Mozilla fixes Firefox zero-day actively exploited in attacks

by · BleepingComputer

Mozilla has issued an emergency security update for the Firefox browser to address a critical use-after-free vulnerability that is currently exploited in attacks.

The vulnerability, tracked as CVE-2024-9680, and discovered by ESET researcher Damien Schaeffer, is a use-after-free in Animation timelines.

This type of flaw occurs when memory that has been freed is still used by the program, allowing malicious actors to add their own malicious data to the memory region to perform code execution.

Animation timelines, part of Firefox's Web Animations API, are a mechanism that controls and synchronizes animations on web pages.

"An attacker was able to achieve code execution in the content process by exploiting a use-after-free in Animation timelines," reads the security bulletin.

"We have had reports of this vulnerability being exploited in the wild."

The vulnerability impacts the latest Firefox (standard release) and the extended support releases (ESR).

Fixes have been made available in the below versions, which users are recommended to upgrade to immediately:

  • Firefox 131.0.2
  • Firefox ESR 115.16.1
  • Firefox ESR 128.3.1

Given the active exploitation status for CVE-2024-9680 and the lack of any information on how people are targeted, upgrading to the latest versions is essential.

To upgrade to the latest version, launch Firefox and go to Settings -> Help -> About Firefox, and the update should start automatically.
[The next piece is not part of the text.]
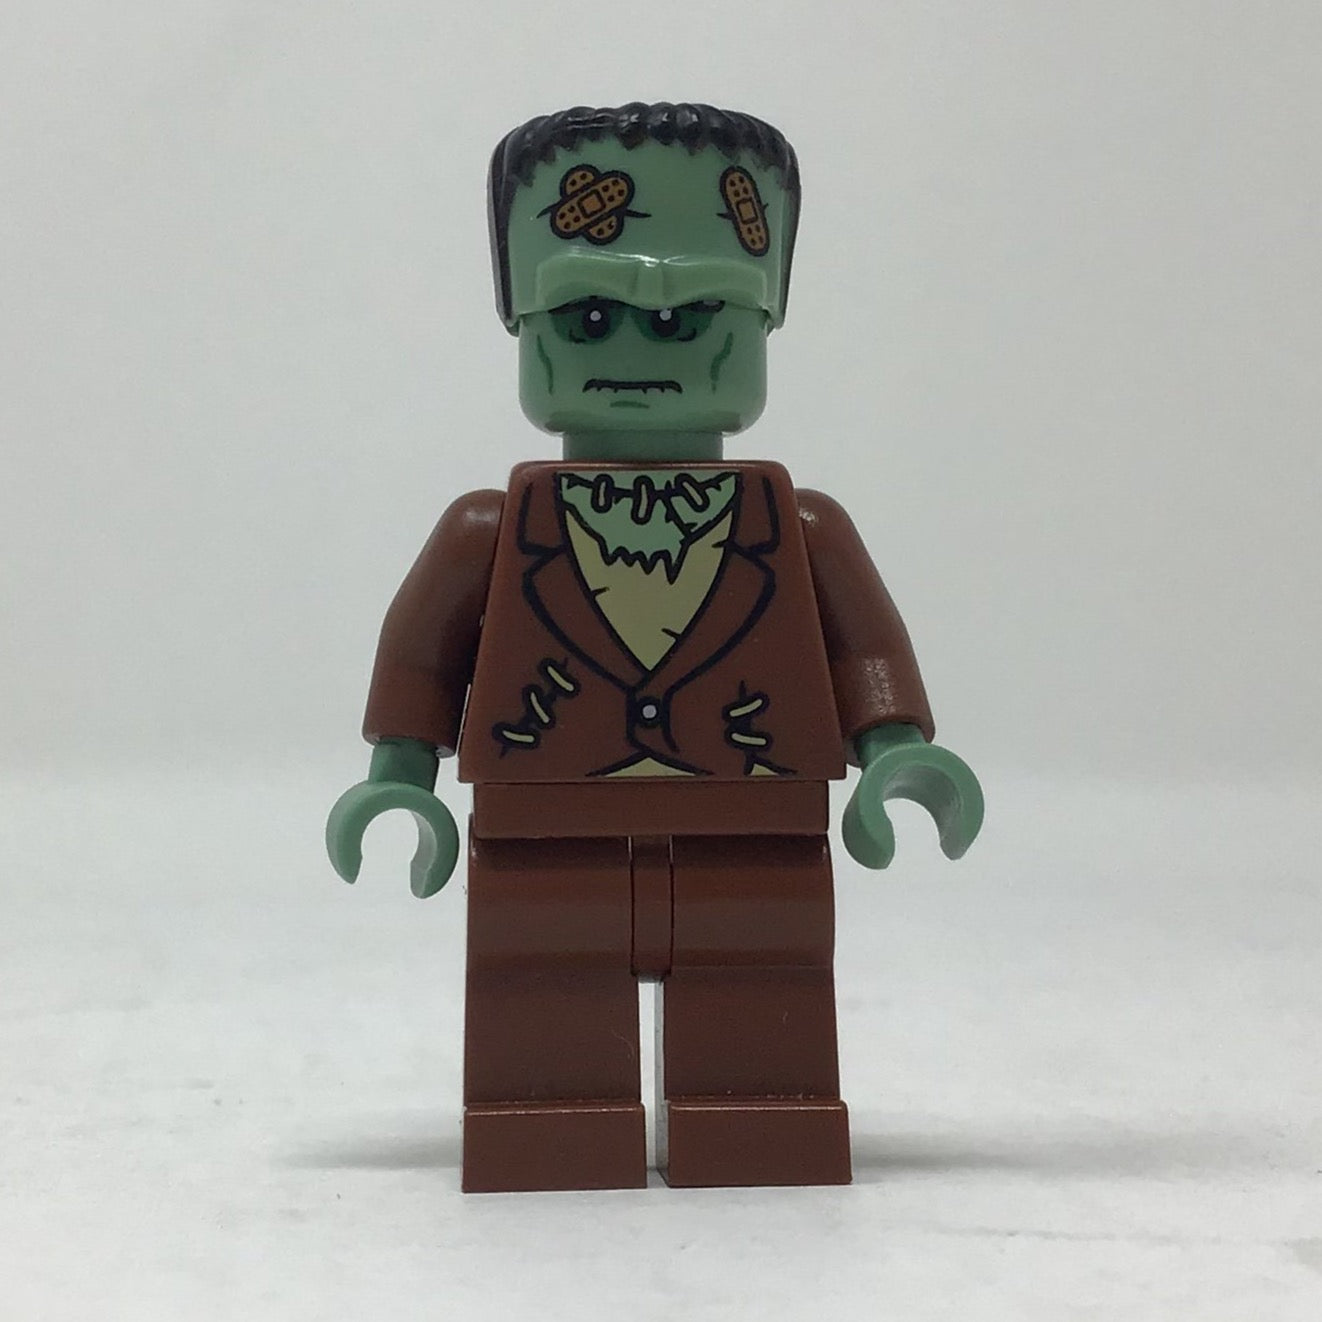 S4 The Monster - Series 4 Minifigure (col055)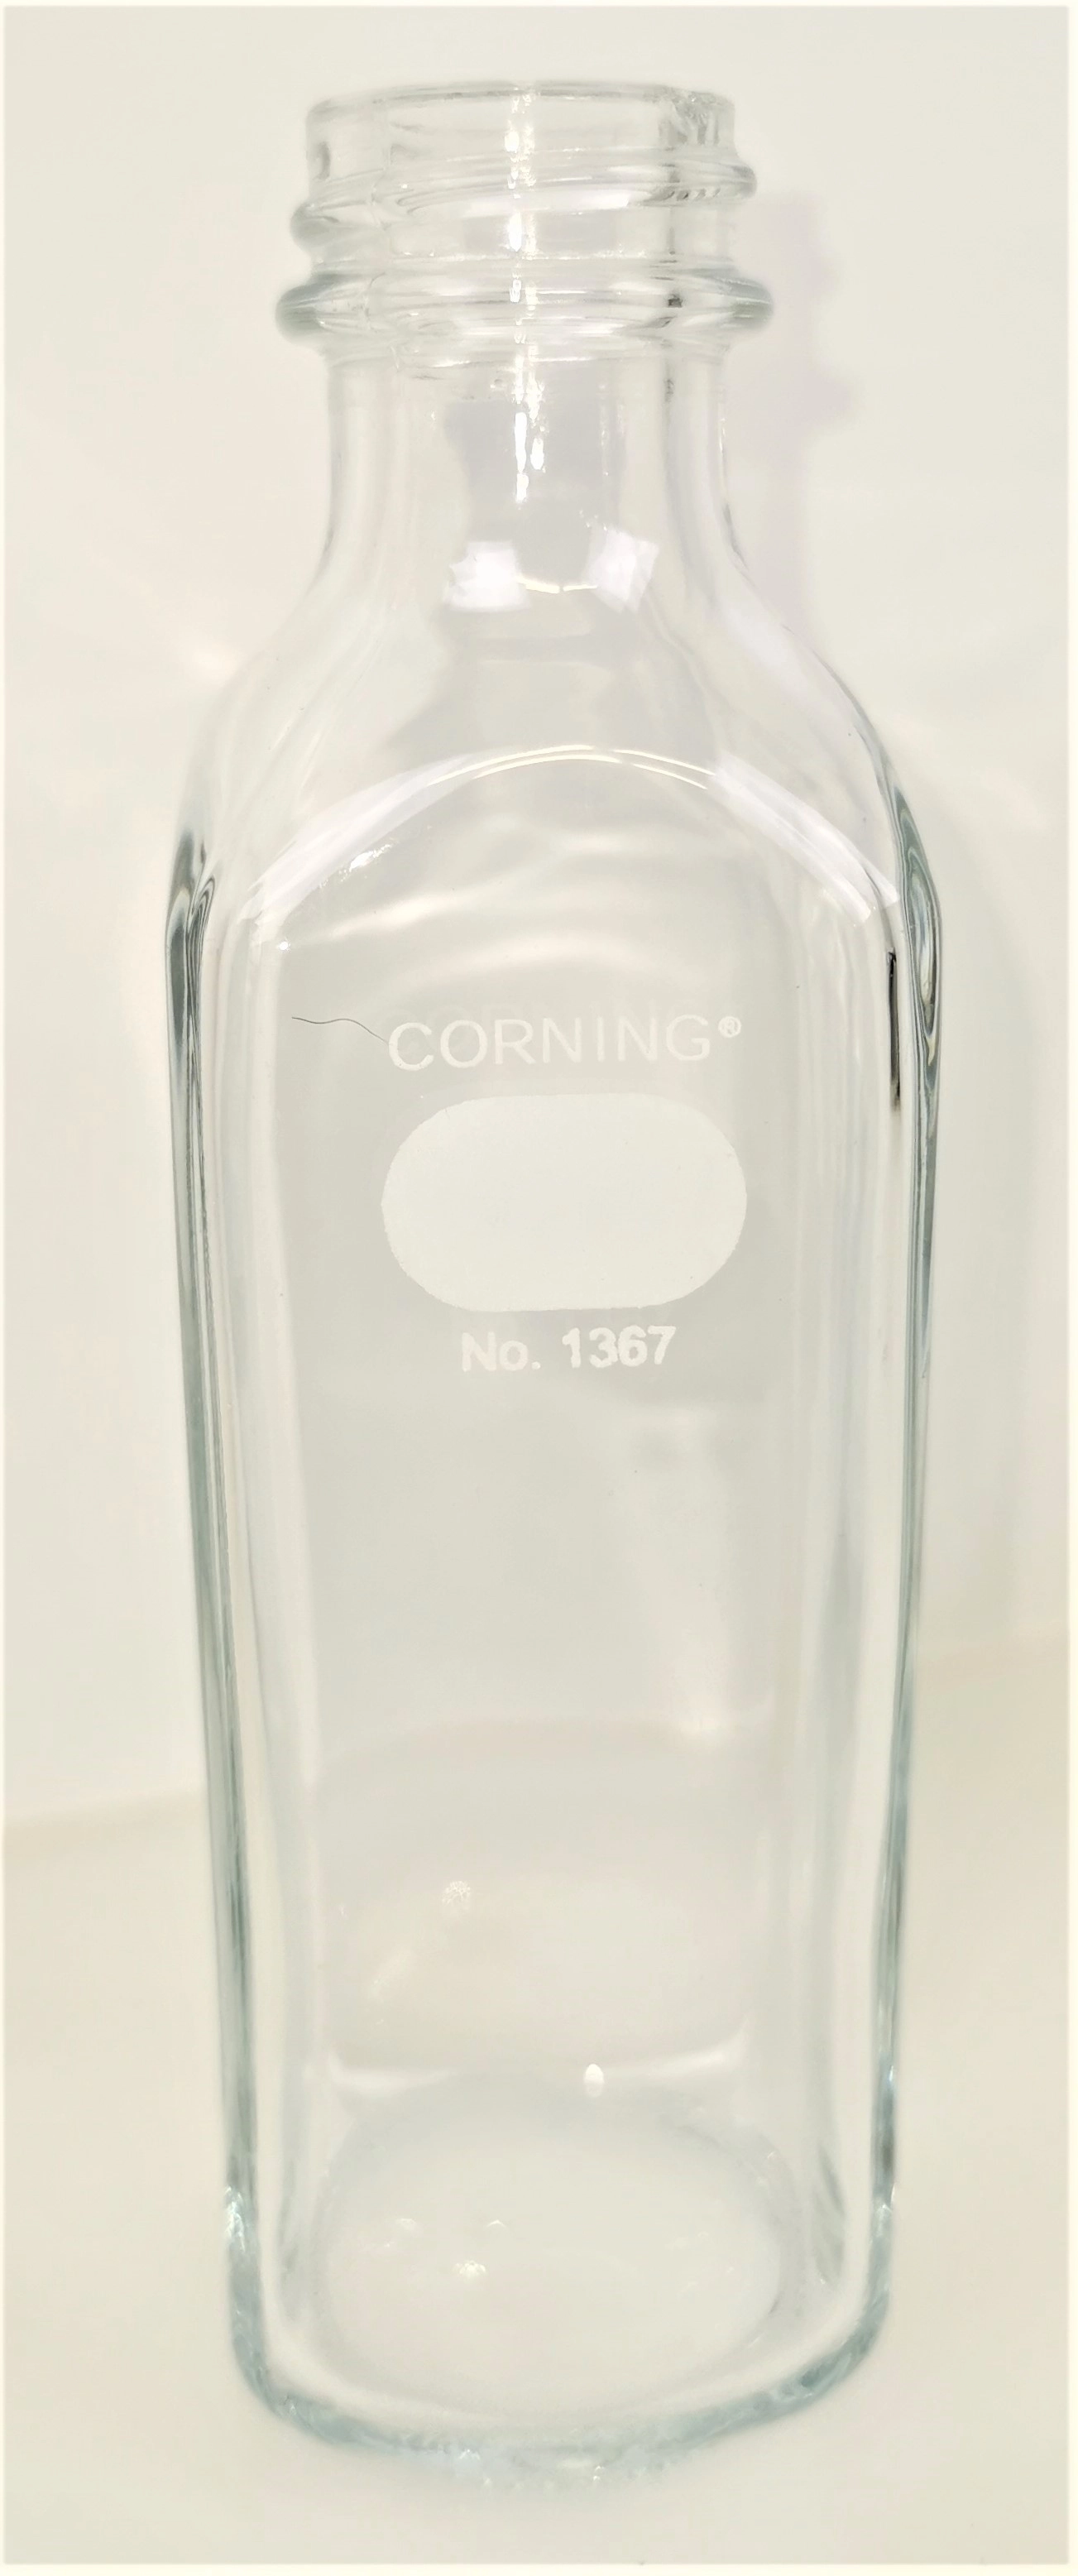 Corning PYREX 1367 and Kimble 14915 Milk Dilution Bottle - 160mL

A restart of the program will be required for the changes to apply.

Updating Firefox
Source: BleepingComputer

BleepingComputer has contacted both Mozilla and ESET to learn more about the vulnerability, how it's being exploited, and against whom, and we will update this post when we receive more information.

Throughout 2024, so far, Mozilla had to fix zero-day vulnerabilities on Firefox only once.

On March 22, the internet company released security updates to address CVE-2024-29943 and CVE-2024-29944, both critical-severity issues discovered and demonstrated by Manfred Paul during the Pwn2Own Vancouver 2024 hacking competition.